Ou seja: na impossibilidade de colocar números no ranking de inovação, as empresas foras classificadas em função do élan que possuem. Dificilmente a melhor forma d emedir inovação.
O investimento em I&D
Este é um aspecto mais difícil de avaliar. Comparando com a VW com a Tesla, chegamos à conclusão que o orçamento da Tesla é cerca de 5% do da VW. Em parte isto deve-se ao tamanho das empresas. A Tesla tem cerca de 5% dos empregados da VW e um alcance das operações mais pequeno. Além disso, a VW está distribuída também no negócio das partes, tem divisões de serviços, logística, etc.
Além disso, a VW provavelmente terá uma forma diferente de qualificar os orçamentos, mais em linha com o de outras empresas alemãs (das que conheci). As empresas alemãs têm o hábito de considerar uma despesa de I&D tudo o que esteja tangencialmente relacionado com tal. Um novo equipamento, mesmo que já em tamanho industrial, será pago desse orçamento. O mesmo para todos os custos com ele relacionado (instalação, teste, início de funções, avaliação, manutenção, etc). O mesmo se pode dizer para actividades de debottlenecking, troubleshooting, (lamento mas não conheço termos portugueses) ou simples melhorias incrementais nos seus processos ou sistemas.
Outras empresas poderão não o fazer.
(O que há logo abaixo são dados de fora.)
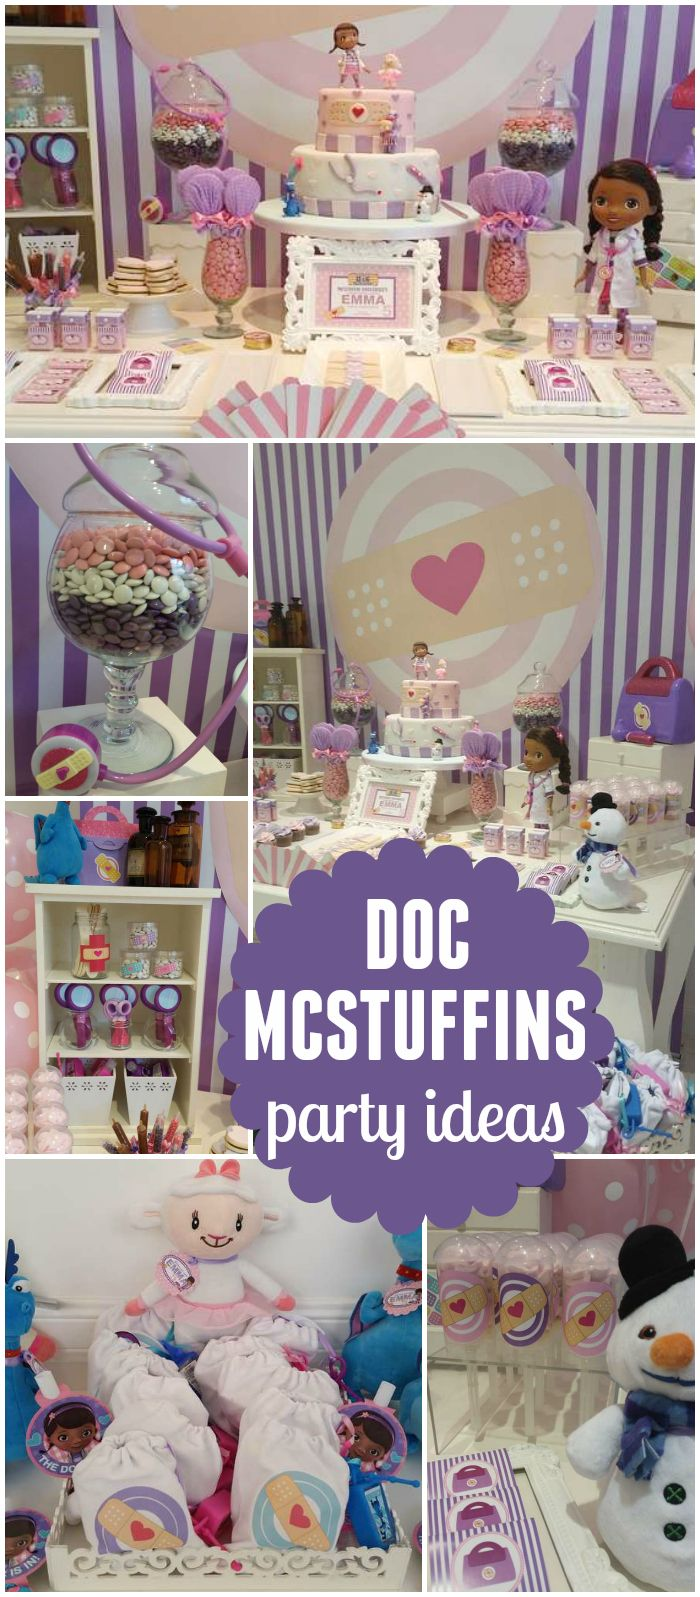 275 Best Doc Mcstuffins Images By Desiree Jenkins On Pinterest Doc
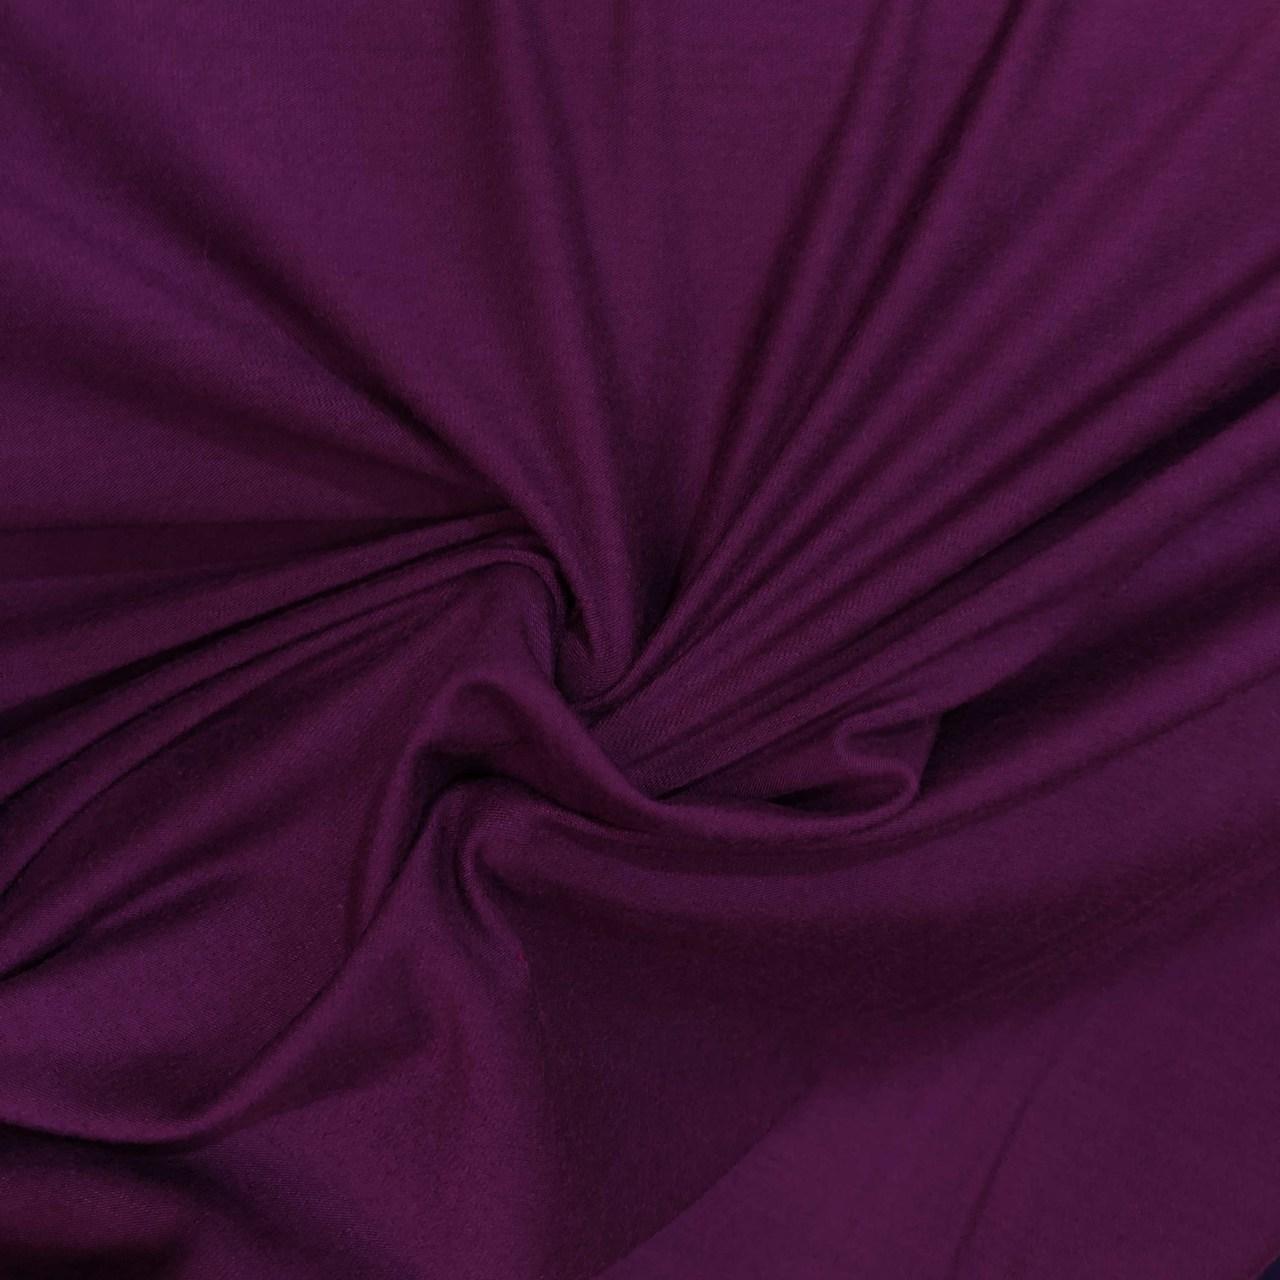 Tecido Malha Viscolycra  92%Viscose 8%Elastano Uva

Conheci empresas (especialmente americanas) que preferiam colocar qualquer investimento acima de um determinado valor (por exemplo, 200 mil dólares) na categoria de "investimentos", mesmo quando destinado a I&D. Isso automaticamente baixa o valor investido em I&D. Se a Tesla usar esta prática (e creio que a usa, olhando para o seu orçamento de I&D - baixíssimo), isto ajuda a explicar a sua diferença para a VW. Algumas outras empresas fazem outsourcing da investigação, decidindo quais as áreas interessantes e escolhendo parceiros. Isso transfere o investimento em I&D, que é indirecto, para categorias como "parcerias" ou "serviços".
Por outro lado, o investimento da VW em I&D é de 11,6% das suas receitas (12.3 mil milhões a dividir por 105,651 mil milhões), enquanto que o da Tesla é de 17,7%. O da Apple, no entanto, é de apenas 3,5%, o que pode ser resultado de receitas elevadíssimas ou de outras práticas de contabilidade financeira.
Eu não concluo nada de diferente de todos os gurus que decidem que não existe relação entre orçamento de I&D e inovação (por outro lado não sou nenhum guru nem aspiro a sê-lo). Só que olho para os valores de forma crítica. A VW ou a Microsoft são empresas líderes nas suas indústrias e que têm sabido reinventar-se constantemente, mesmo quando enfrentam revezes graves. Uma Tesla já poderá ser muito inovadora, mas não sei se existirá daqui por 10 anos (prevê ter quase todos os seus lucros para lá de 2020).
Quando se tenta avaliar inovação, convém, antes de tudo, olhar para tendências históricas e descobrir aquilo que foi feito de forma correcta no passado e tentar adaptar tais lições ao presente. A gestão eficaz não muda só porque a tecnologia muda. No entanto, para quem quer vender um livro, o mais importante são os próximos 50 minutos mais 10 minutos para perguntas.